WHAT IS EXPECTED —
Going line by line through the records below, write out everything starting with the line containing "Image Skincare Collagen" and going on through the line containing "Moose Utility RM4", exactly and inclusively. Pictures do not go in.

EXERCISE DATA Block Start

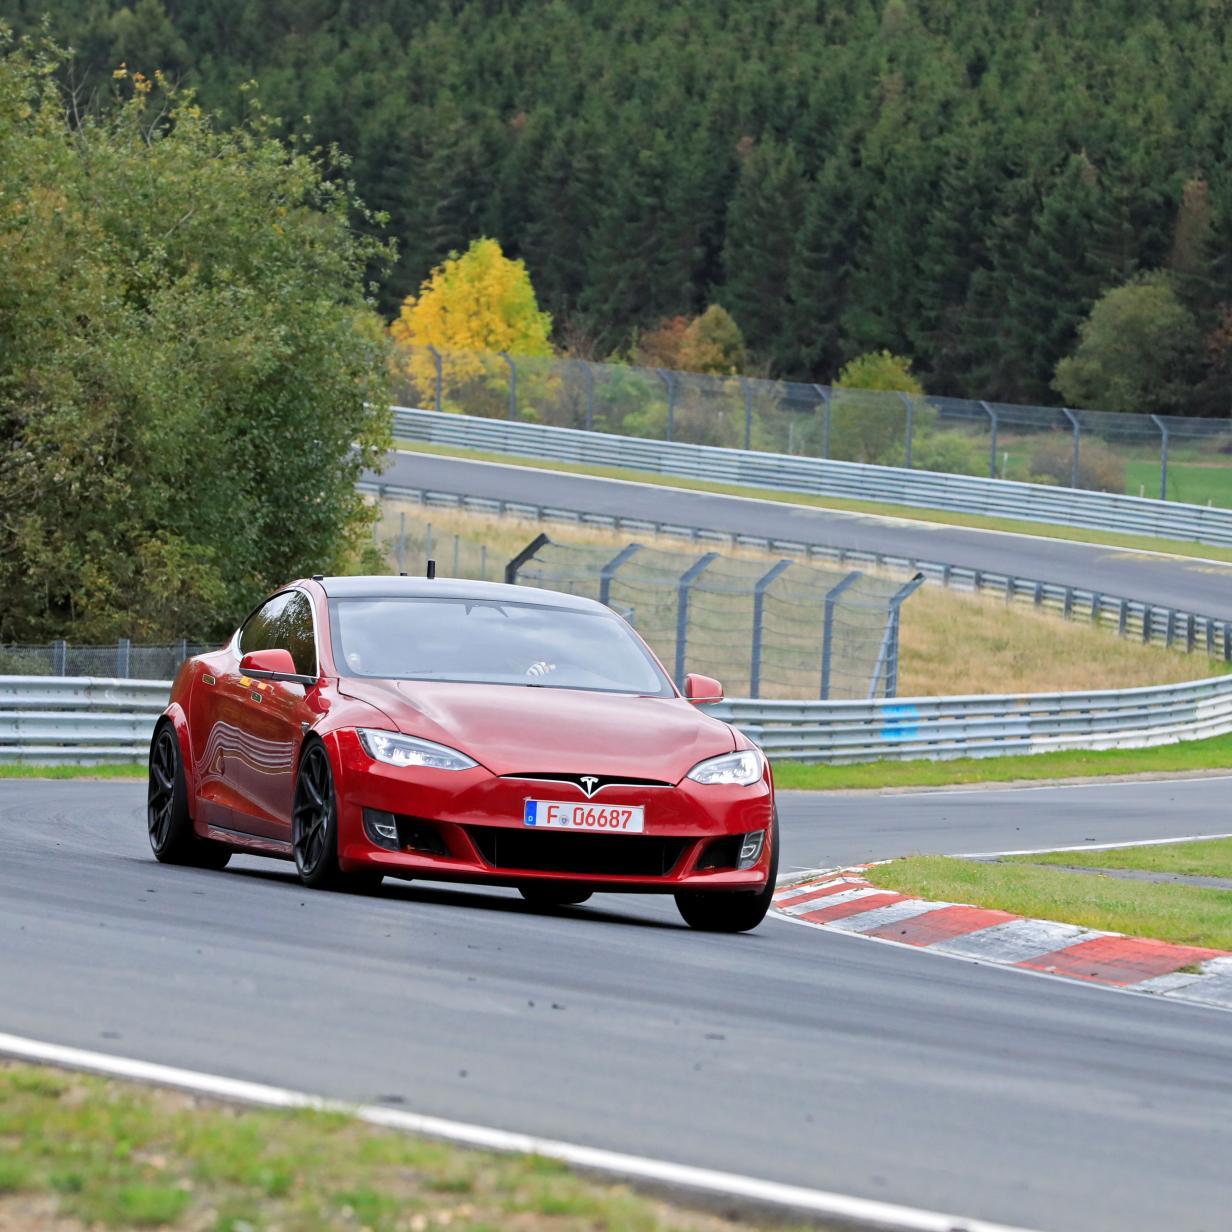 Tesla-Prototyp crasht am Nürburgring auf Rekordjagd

EXERCISE DATA Block End
EXERCISE DATA Block Start

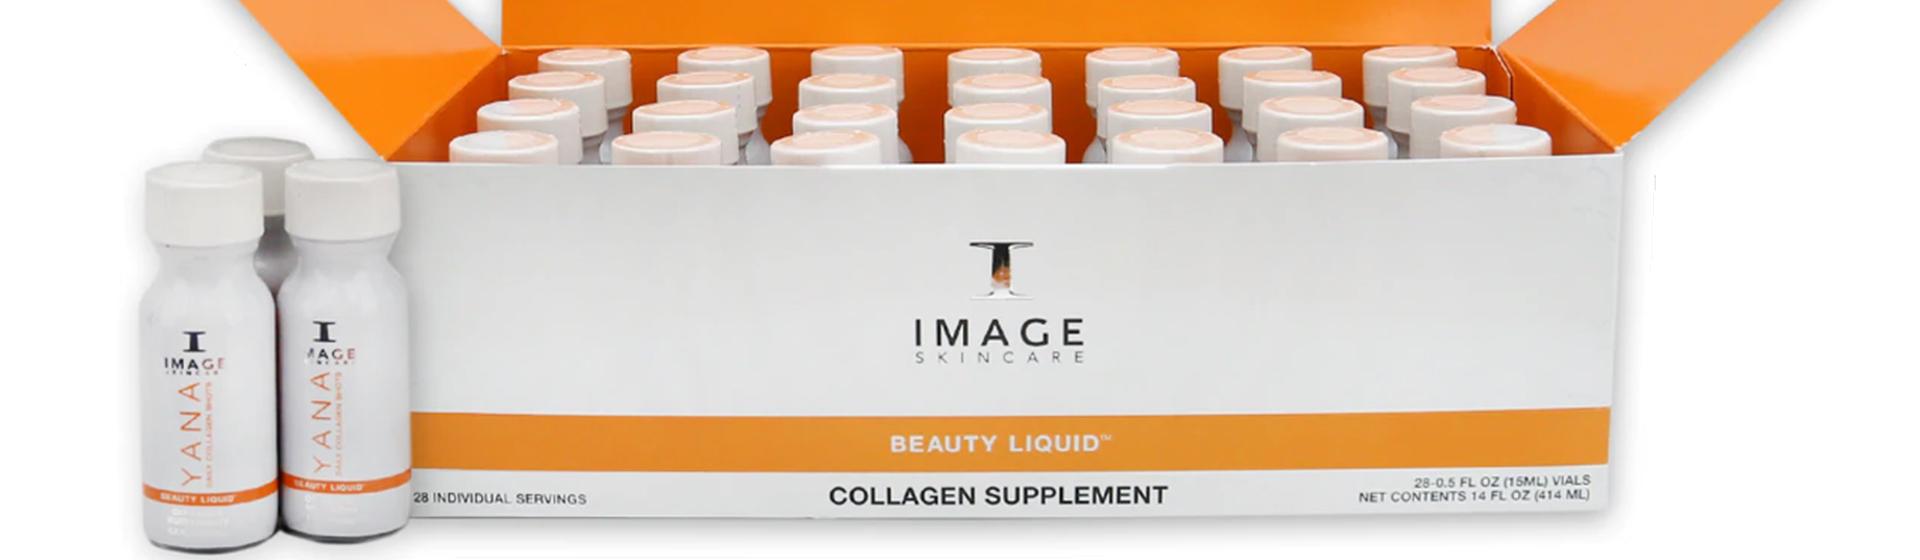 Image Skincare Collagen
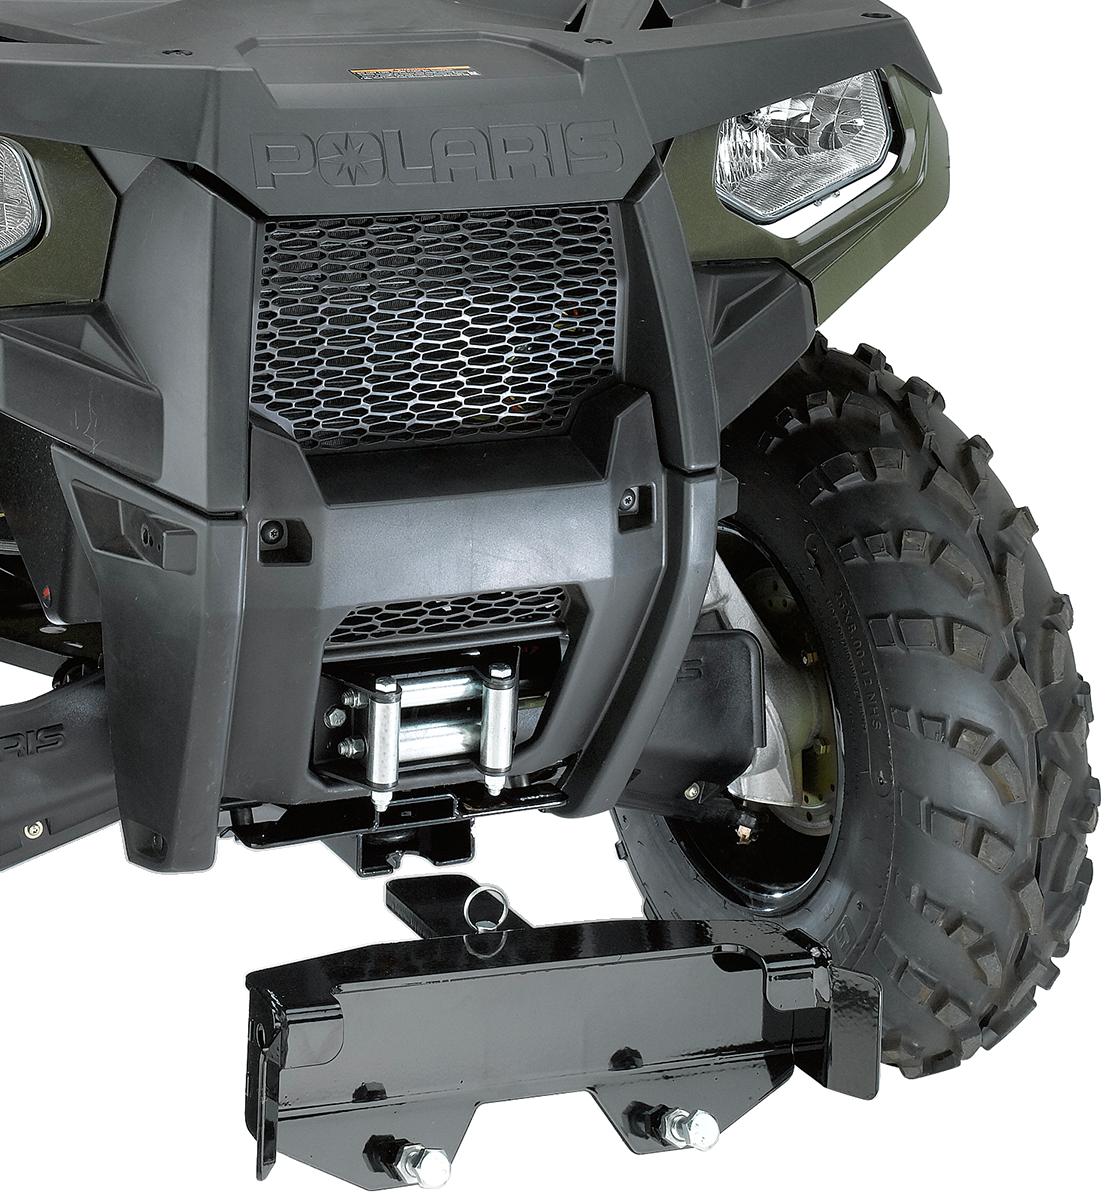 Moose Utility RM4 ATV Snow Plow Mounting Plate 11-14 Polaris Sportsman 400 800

EXERCISE DATA Block End

COMPLETED TASK —
 Image Skincare Collagen
 Moose Utility RM4 ATV Snow Plow Mounting Plate 11-14 Polaris Sportsman 400 800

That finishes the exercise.